What was the slowest car that you've even driven?
OK, this is my first thread that I'm starting for the new year, 2012, as well as my first post on CSS for the new year.
As far as the slowest vehicles that I've driven, or among them, would be a Chevrolet Chevette from the early 80s, one that someone rented, but I got to drive; so slow moving that it was frightening.
Some other very slow vehicles would be a couple of small GM vehicles with an Iron-Duke four-banger, in an X-car (Pontiac Phoenix that a relative owned) and a Buick Century (A-Body, I believe, which was essentially an extended X-Body), also from the 80s. There was not only slow, but very rough and unrefined, where the engine vibration would be transmitted to you through the steering wheel, and the harder you accelerated, the more intense the vibrations would get. The same would go for a Ford Pinto from the mid-70s, which a friend's father had, and this car was already several years old when he got it, slow and vibrations through the steering wheel, and the excuse was, "this is the price that you have to pay for if you want fuel economy".
A former girlfriend once had a late 80s Dodge Shadow (successor of the Omni and precursor of the first-generation Neon), and this car was a dog, too, not as much vibrations transmitted to the cabin and steering column, but very, very slow off the line, and unrefined.

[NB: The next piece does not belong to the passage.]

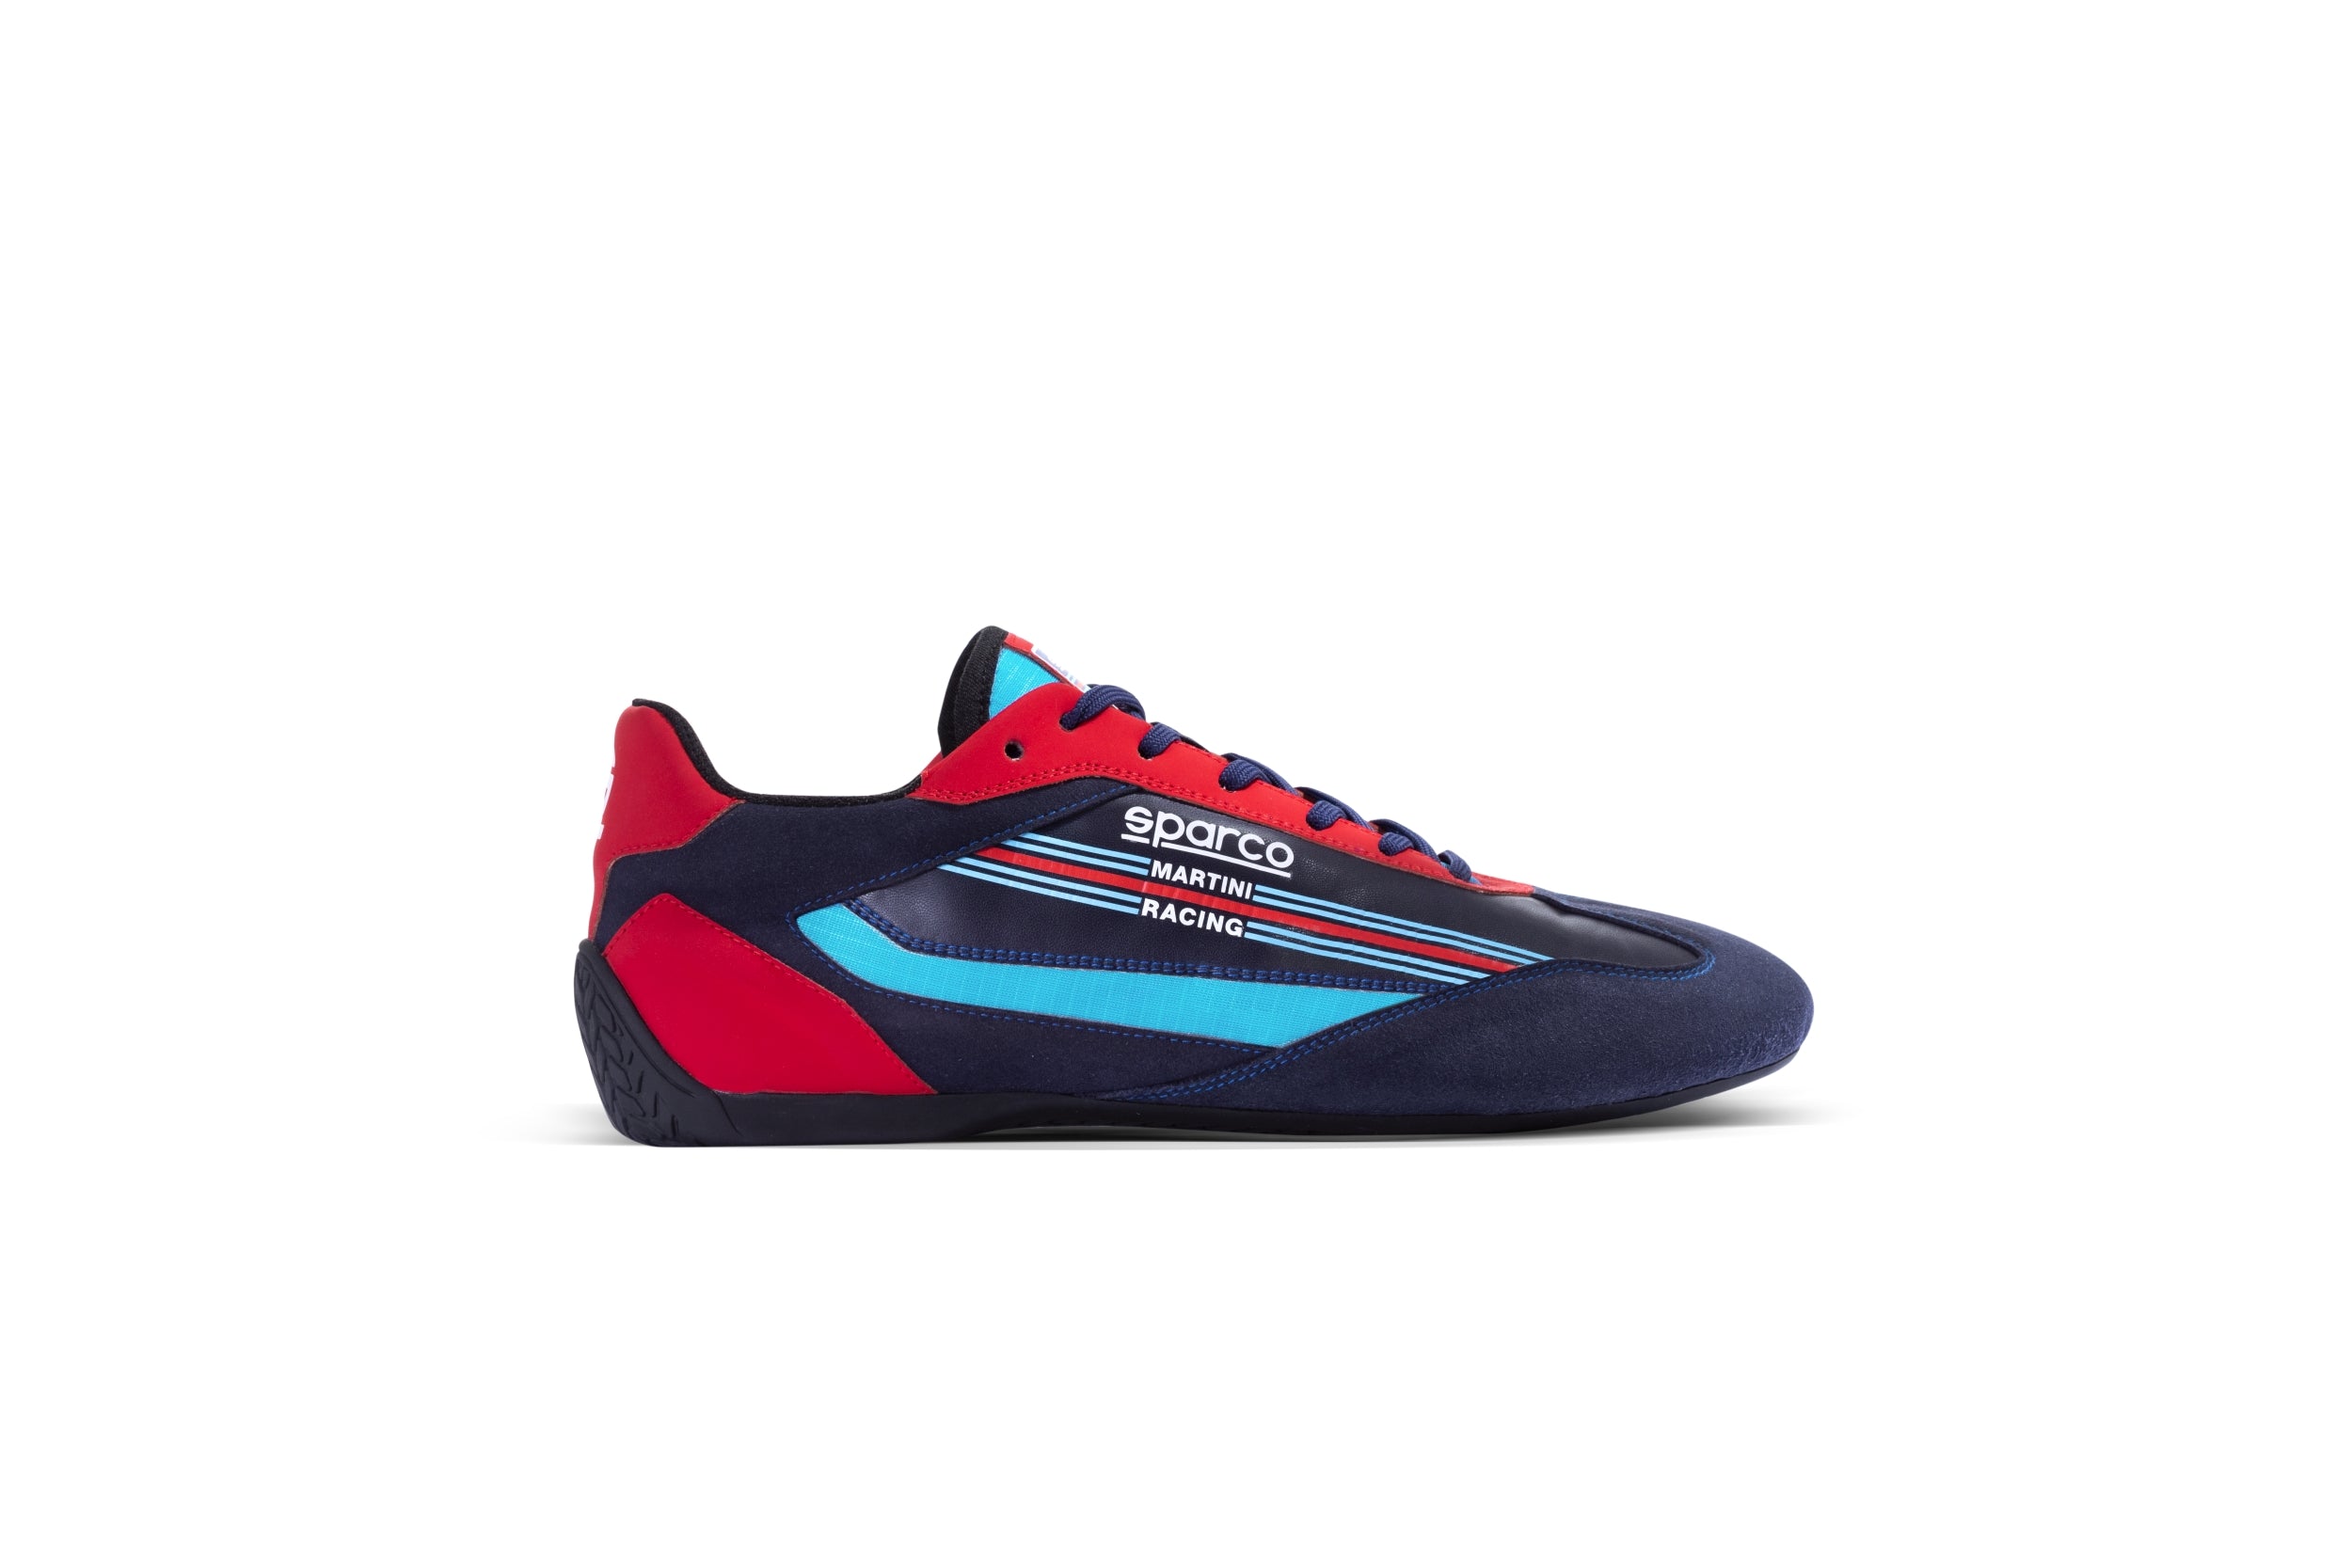 SPARCO 0012A7MR45BM S-DRIVE MARTINI RACING Sneakers shoes, navy blue, size 45 Photo-2

Others I can say were a couple of Chevrolet Novas that friends had, and these cars were from the 70s, and were already old when they had them, and these had 250-c.i.d in-line sixes. These were surely weak off-the-line, but at least they did not vibrate like the 4-bangers mention in the above paragraph. Yet, I've driven some cars of he period with in-line sixes, and, though not tire-smokers, they did have adequate pep, and that would include a could of AMC models with in-line sixes. I've even once had a 1976 Dodge Aspen (Aspen, the car-range that succeeded the Dodge Dart - though this name is being reused for an upcoming compact that's succeeding he Caliber - and not the recent SUV that was a Chrysler counterpart to the Dodge Durango) and it had an in-line, slant-six that was a famous Mopar six (and these had great longevity), it wasn't fast off-the-line, that's a fact, but when in motion, it performed fairly decently, a smooth idle, as well as a unique engine sound where you also knew one driving up.
Others I can add to this were a couple of mid-sized, BOF, RWD GM vehicles from the 80s, which had the Buick Division-sourced V6 (likely the 231-c.i.d), which did not vibrate like the unrefined Iron-Duke 4, but were sinfully slow.
Pontiac Lives through BMW and Lincoln - via their split grills and attitude!